FX Quant > Trading System
It took some time within investment circles for currency to be recognized as something where you can consistently add value. In currency markets, because wherever there is a buyer there is a seller, many have said currency markets are a zero-sum game. Also, as the currency market is the most liquid and largest financial market in the world, it is a big ocean to feed in. This allows opportunities for our system to extract value from inefficiencies in the currency markets and generate positive returns.
Fx Quant 10, our quantitative currency trading program, is based on quantitative analysis - a statistical concept. It is 50% statistical arbitrage and 50% position size management. Unlike most trading systems, which attempt to predict market direction, our trading model reacts to price action and makes trading decisions. Guessing market direction is impossible, or so say noble guys with Nobel prizes. But good luck if you don't believe them.
![]() |
Diversification. One of the most important aspects of our trading program is diversification, the ability to trade several different currencies. The strategy creates a complex portfolio of 10 global currencies and adjusts its components daily. The emphasis is on currencies of developed countries (G10 currencies), but current and future portfolio construction is at Quant Trading's discretion. The mathematics of portfolio diversification show that when you combine weakly correlated currency pairs together, a higher information ratio (returns per unit of risk) is generated than with individual currencies. In other words, diversification of currencies can lead to better risk-rewards for the combined portfolio. As an example, in a portfolio comprised of three currency pairs, one position can be unprofitable at the moment, but the other two can show profits to more than compensate for the losses incurred with the losing one. Our system works with all currency pairs. We also tested it with HUF and SGD and obtained similar results. We decided to stay with the G10 currencies (EUR, USD, GBP, CHF, JPY, CAD, NZD, AUD, SEK, NOK and DKK) for their excellent liquidity and tight bid/ask spreads. The system is non-parametric, i.e. there are no parameters to optimize, except the leverage. Hence, the system is very robust and does not depend on price patterns (which most trading systems depend on). |
Uniqueness of the FX Quant 10 trading program. Unlike other trading systems, with uncorrelated monthly returns, losses generated by our system (they can not be avoided!) are preparation for, or announcement of future gains. Our numerical simulations show that in long run, and if reasonable leverage is used, the profit factor of our system will always be greater than unity (the sum of gains will always be greater than the sum of losses). The leverage is carefully determined in order to avoid disastrous drawdowns.

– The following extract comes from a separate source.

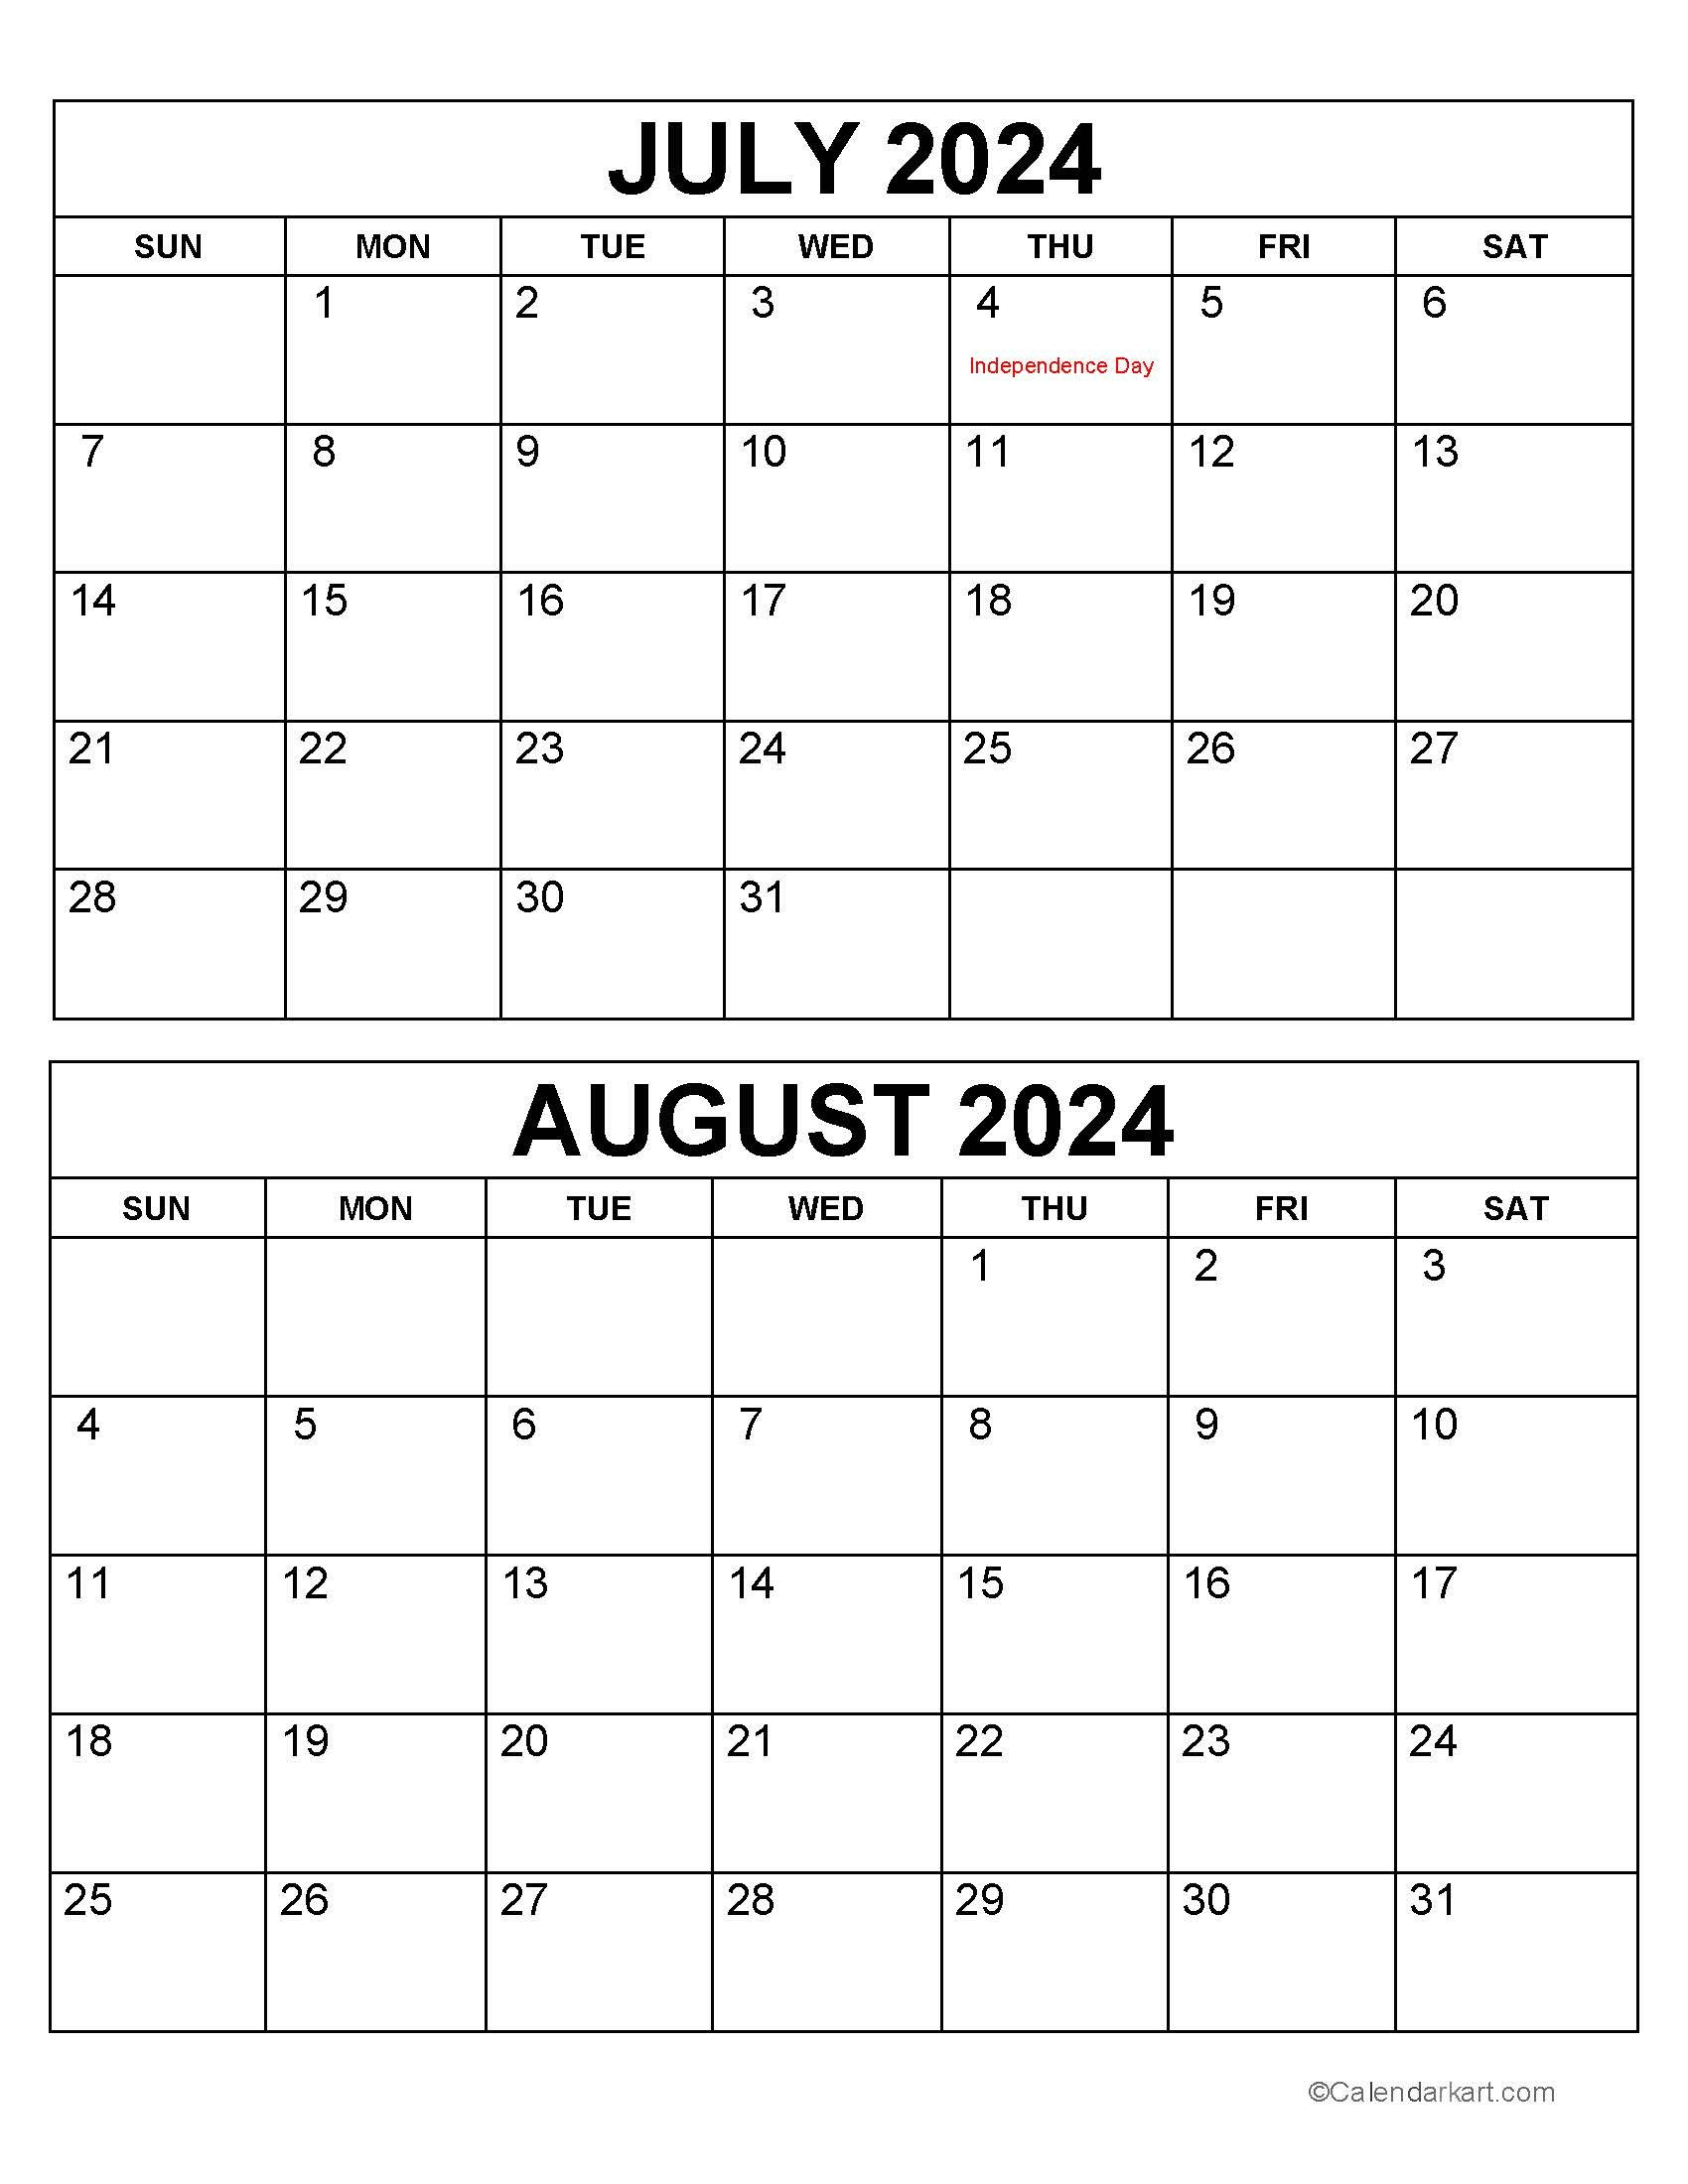 Printable July August 2024 Calendar | Calendarkart within July and Aug 2024 Calendar
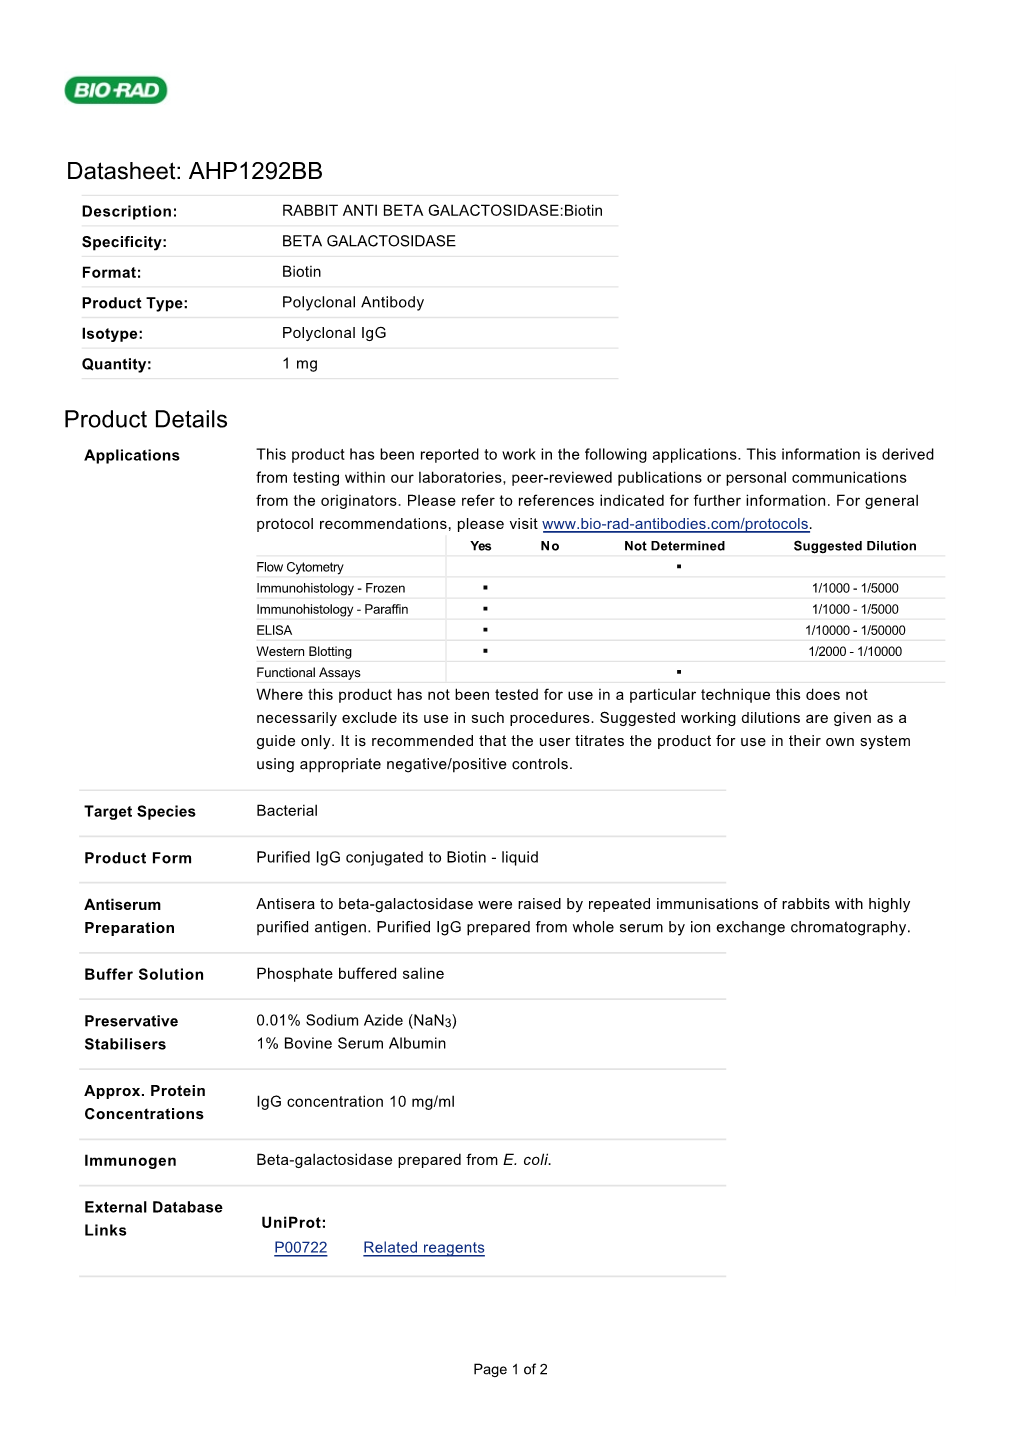 Datasheet: AHP1292BB Product Details

Our standard risk parameters employ an average combined leverage around 3:1 for the entire portfolio. The maximum leverage is currently limited to 4:1. An important system feature is that leverage reverts/oscillates around a long term average. The best time to start trading is when the actual leverage is above the average (long term) leverage. We report the leverage and the estimated risk in our monthly performance reports.
The system opens positions in opposite directions. It is USD neutral (i.e. USD bought = USD sold), but there is a long/short exposure in other currencies - see these position size graphs. As stated before, due to portfolio diversification, the risk is more limited than if one was to trade just one currency alone.
Make sure you understand the level of risk involved in the FX Quant 10 trading strategy and ensure that it is suitable to your personal investing goals, time horizons, and risk tolerance. The leverage used is a double sided sword: it improves returns, but it also increases the risk. As with any investment, the higher the potential returns, the higher the risks you must assume.
Risk management. The risk is addressed by diversification and position size management. The system rebalances portfolio by gradually buying/selling fractional (odd sized) currency lots. Since the system does not open large positions in any direction, directional risk is limited and controlled. As stated before, the leverage oscillates around a long term average. Hence there is no need for protective stops. When a drawdown occurs, portfolio is rebalanced and ready to recover from losses and make a new equity peak.
Drawdowns typically occur during prolonged trending periods (with no retracements, i.e. little price noise) in all currency pairs simultaneously. These events, however, tend to be less frequent today, as the Forex market is becoming more and more efficient - the "matured" G-7 currencies particularly. As soon as the market retraces or enters the consolidation phase (actually, there is always some noisy/random price action, even in a trending market), the system recovers from losses and makes a new equity peak. This makes our system superior over most rule-based, pattern recognition, Elliot Wave, W.D. Gann, many indicator-based trading systems and other trading alchemy. No one knows when will the market change its behavior and those systems will break up. Potential risk for our system comes from over-leveraged trading, i.e. trading too large positions for the account size. In order to avoid a potential disaster, please keep the recommended risk level of 25% (average leverage of 3 and maximum leverage of 4:1) at all times.
Your account should be held with a Forex dealing company which allows fractional lot size dealing (10 currency units or less per lot).